Even as she approaches the critical age of thirty, Lily continues to sabotage her marriage possibilities. She has kept her sexuality split off from her marital ambitions and misdirected her marital project into destructive flirtations with unobtainable men—confirmed bachelors or the husbands of her friends. By some fatality, Lily habitually situates herself within dangerous oedipal triangles. Every such error reduces her marriageability by generating gossip about her morals and alienating her women friends. When she has virtually secured a proposal from the wealthy Percy Gryce, she loses it by violating his conventional pieties through smoking, gambling, and missing church services. Because Lawrence Selden, the man she loves, has only a modest income, she refuses even to consider marrying him.

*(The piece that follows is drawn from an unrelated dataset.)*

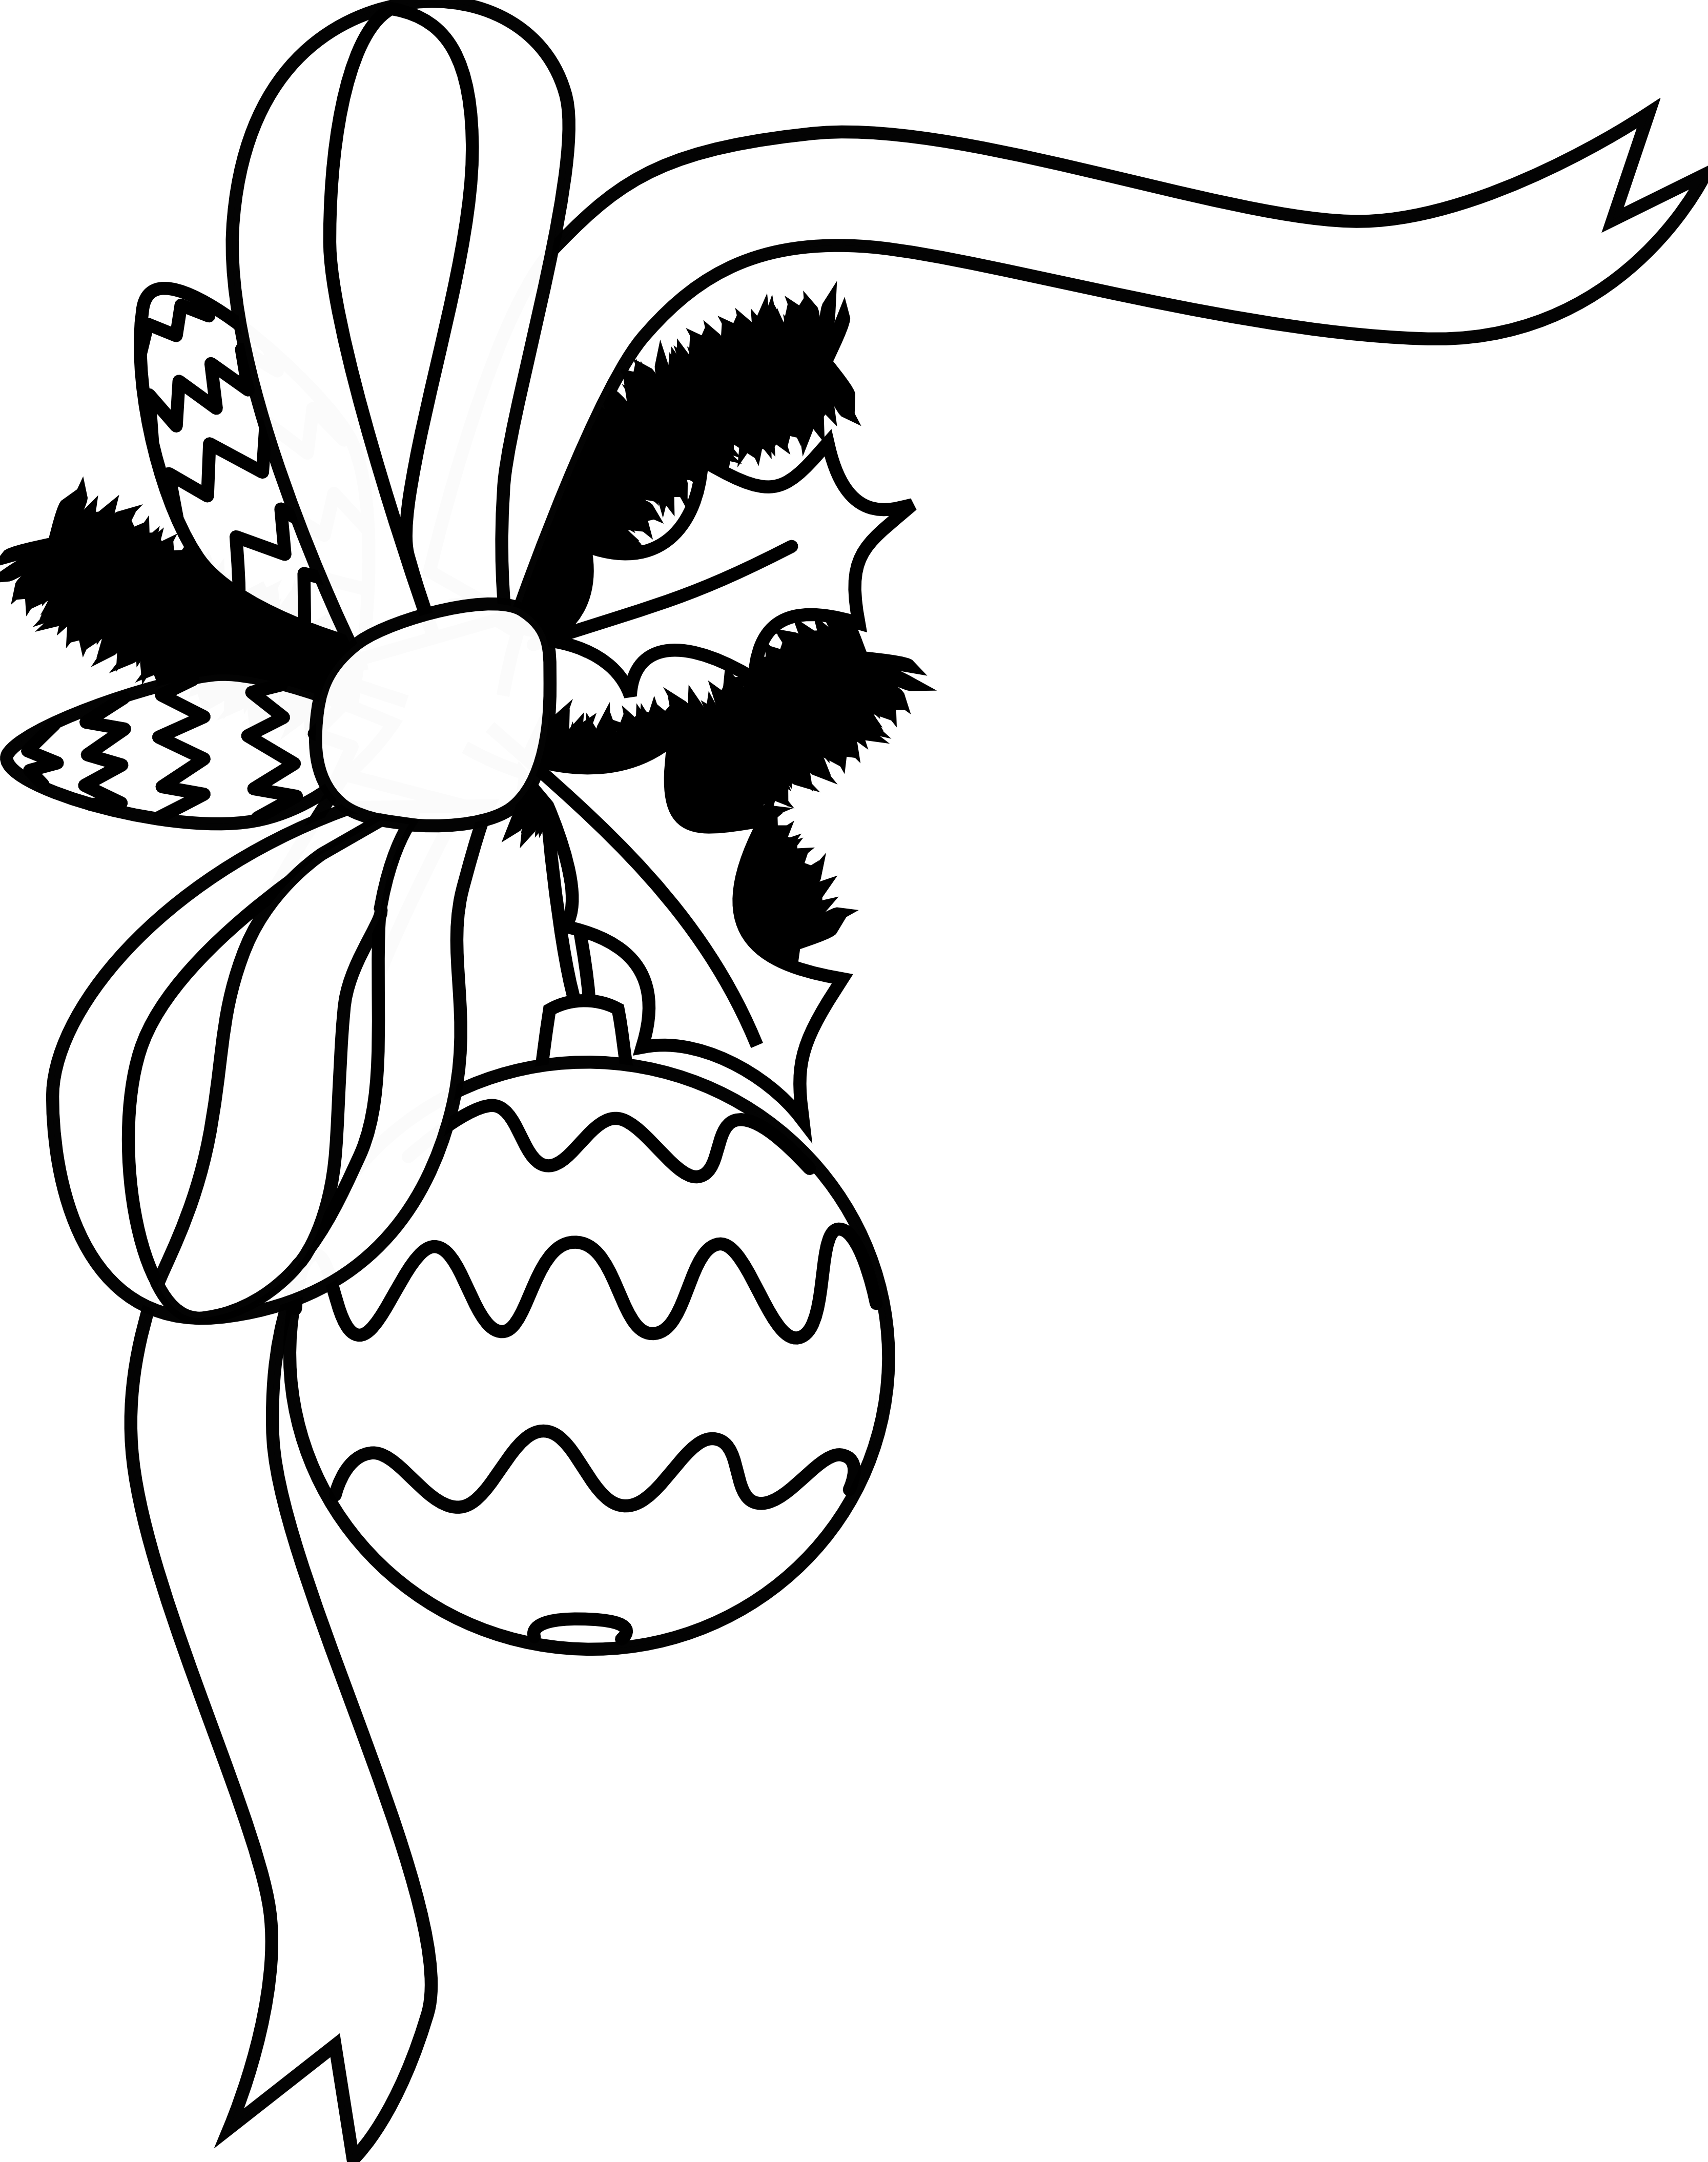 Christmas clipart black and white. Free images download clip

The scarcely interrogated barrier between Lily and Selden is a curious donnée of the novel. Lily cannot think of compromising her demand for wealth or even enter into her calculus the fact that as her Aunt Peniston's designated heir, she can afford to marry Selden. Indeed, marriage to a respectable gentleman like Selden would have served to secure Lily's inheritance. She loses it because of her own careless indiscretions, by gambling and by allowing herself to become the object of gossip.

We are left with the implication that this marriage, like all others, is barred to Lily not by malignant social conditions but by unconscious forces carried over from her creator. The lady is not for marrying, but the novel refuses to examine this premise, or even to state it. Lily is stuck on the verge of sexual adulthood, unable to cross this threshold or to remain any longer on it.

Whereas Wharton protects Lily's sexual inhibitions from ready detection by camouflaging them with financial motives, she enjoys exposing Selden's resistance to marriage by means of continuous innuendo. He seems almost asexual, de-


58

spite the plot mechanism of his prior love affair with Bertha Dorset. A resident of an apartment house called The Benedick and always relieved when his approaches to Lily are rebuffed with the "insufficient funds" argument, he seems to be one of the confirmed bachelors that Wharton first came to know in the person of Walter Berry.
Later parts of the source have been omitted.